RJ-11 to RJ-45 Console Cable Adapter

Due to space limitations on the ML-Series card faceplate, the console port is an RJ-11 modular jack instead of the more common RJ-45 modular jack. Cisco supplies an RJ-11 to RJ-45 console cable adapter (P/N 15454-CONSOLE-02) with each ML-Series card. After connecting the adapter, the console port functions like the standard Cisco RJ-45 console port. Figure 3-3 shows the RJ-11 to RJ-45 console cable adapter.

Figure 3-3 Console Cable Adapter

Table 3-1 shows the mapping of the RJ-11 pins to the RJ-45 pins.

Table 3-1 RJ-11 to RJ-45 Pin Mapping 

RJ-11 Pin
RJ-45 Pin

1

1

2

2

3

3

4

4

None

5

5

6

None

7

6

8


Connecting a PC or Terminal to the Console Port

Use the supplied cable, an RJ-11 to RJ-45 console cable adapter, and a DB-9 adapter to connect a PC to the ML-Series console port.

The PC must support VT100 terminal emulation. The terminal-emulation software—frequently a PC application such as HyperTerminal or Procomm Plus—makes communication between the ML-Series and your PC or terminal possible during the setup program.


Step 1 Configure the data rate and character format of the PC or terminal to match these console port default settings:

9600 baud

8 data bits

1 stop bit

No parity

Step 2 Insert the RJ-45 connector of the supplied cable into the female end of the supplied console cable adapter.

Step 3 Insert the RJ-11 modular plug end of the supplied console cable adapter into the RJ-11 serial console port, labeled CONSOLE, on the ML-Series card faceplate. Figure 3-4 shows the ML1000-2 faceplate with console port. The console port on the ML100-12 is at the bottom of the card faceplate.

Figure 3-4 Connecting to the Console Port

Step 4 Attach the supplied RJ-45-to-DB-9 female DTE adapter to the nine-pin DB-9 serial port on the PC.

Step 5 Insert the other end of the supplied cable in the attached adapter.


Startup Configuration File

The ML-Series card needs a startup configuration file in order to configure itself beyond the default configuration when the card is reset. If no startup configuration file exists in the TCC2/TCC2P flash memory, then the card boots up to a default configuration. Users can manually set up the startup configuration file through the serial console port and the Cisco IOS CLI configuration mode or load a Cisco IOS supplied sample startup configuration file through CTC. A running configuration becomes a startup configuration file when saved with a copy running-config startup-config command.

It is not possible to establish a Telnet connection to the ML-Series card until a startup configuration filed is loaded onto the ML-Series card. Access is available through the console port.

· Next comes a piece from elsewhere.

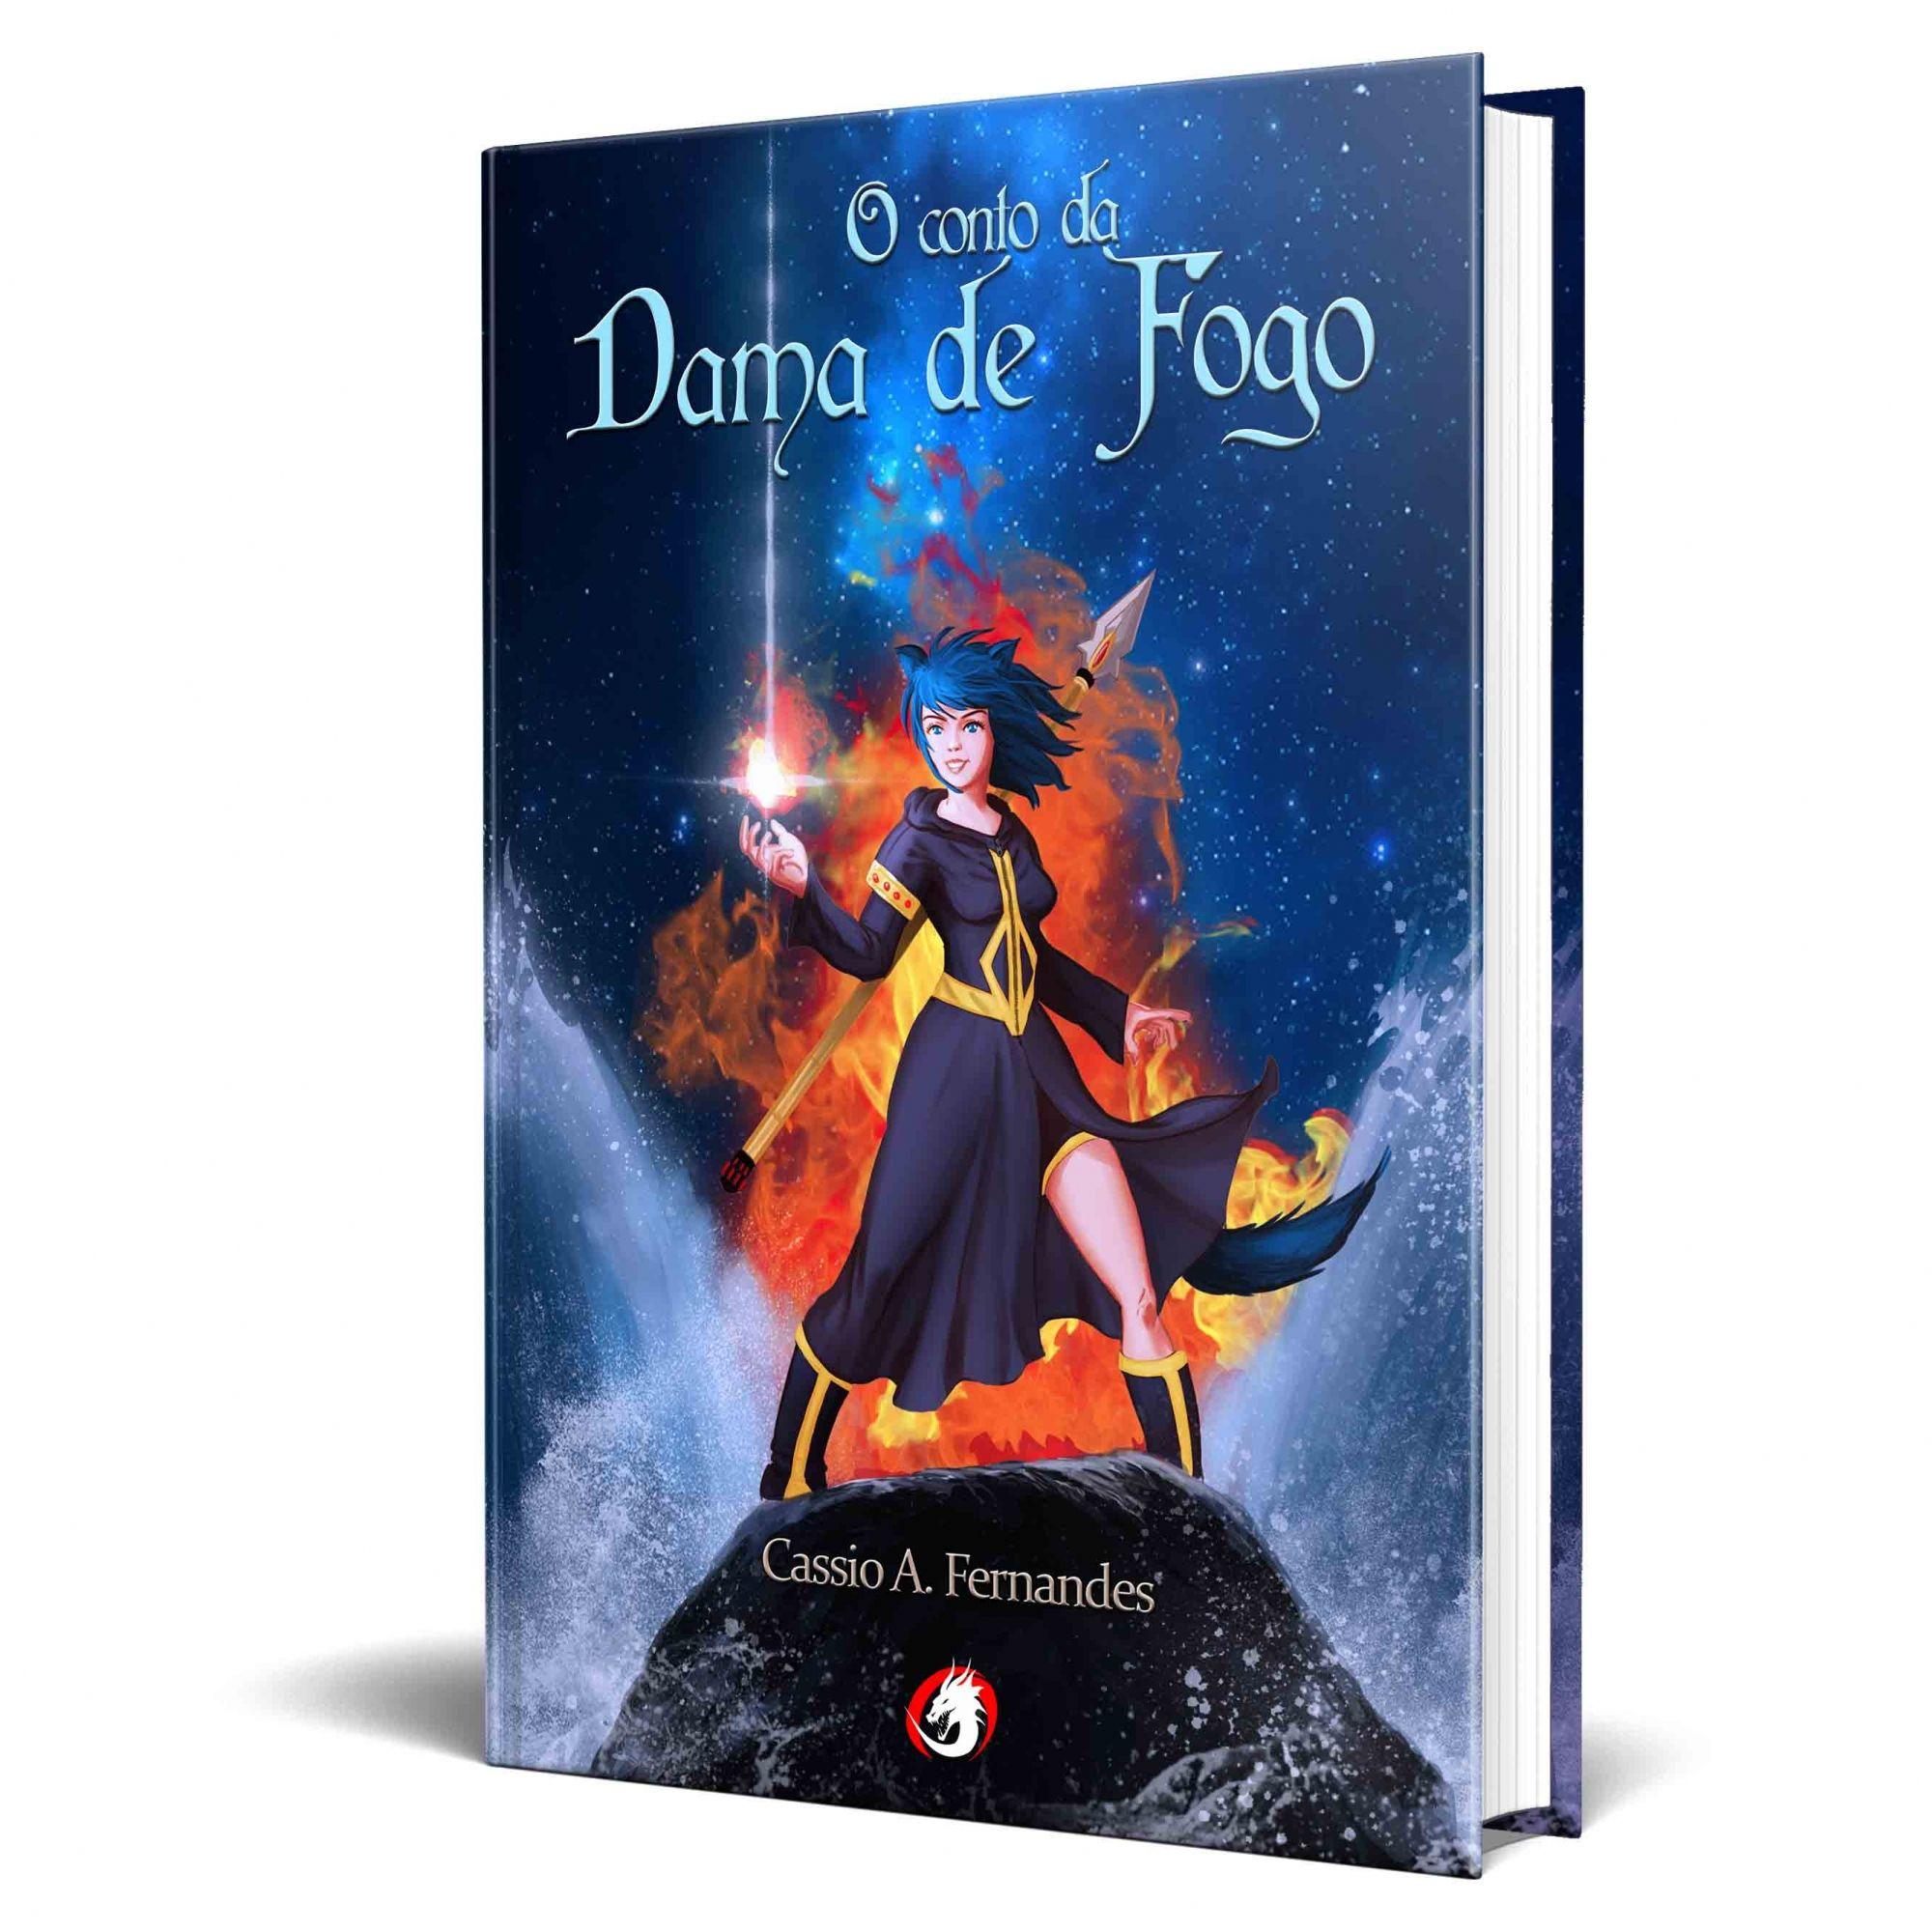 Livro O Conto da Dama de Fogo

Caution The copy running-config startup-config command saves a startup configuration file to the flash memory on the ML-Series card. This operation is confirmed by the appearance of [OK] in the Cisco IOS CLI session. The startup configuration file is also saved to the ONS node's database restoration file after approximately 30 additional seconds.


Caution Accessing the read-only memory monitor mode (ROMMON) on the ML-Series card without the assistance of Cisco personnel is not recommended. This mode allows actions that can render the ML-Series card inoperable. The ML-Series card ROMMON is preconfigured to boot the correct Cisco IOS software image for the ML-Series card.


Caution The maximum size of the startup configuration file is 98356 bytes (characters).


Note When the running configuration file is altered, a RUNCFG-SAVENEED condition appears in CTC. This condition is a reminder to enter a copy running-config startup-config command in the Cisco IOS CLI, or the changes will be lost when the ML-Series card reboots.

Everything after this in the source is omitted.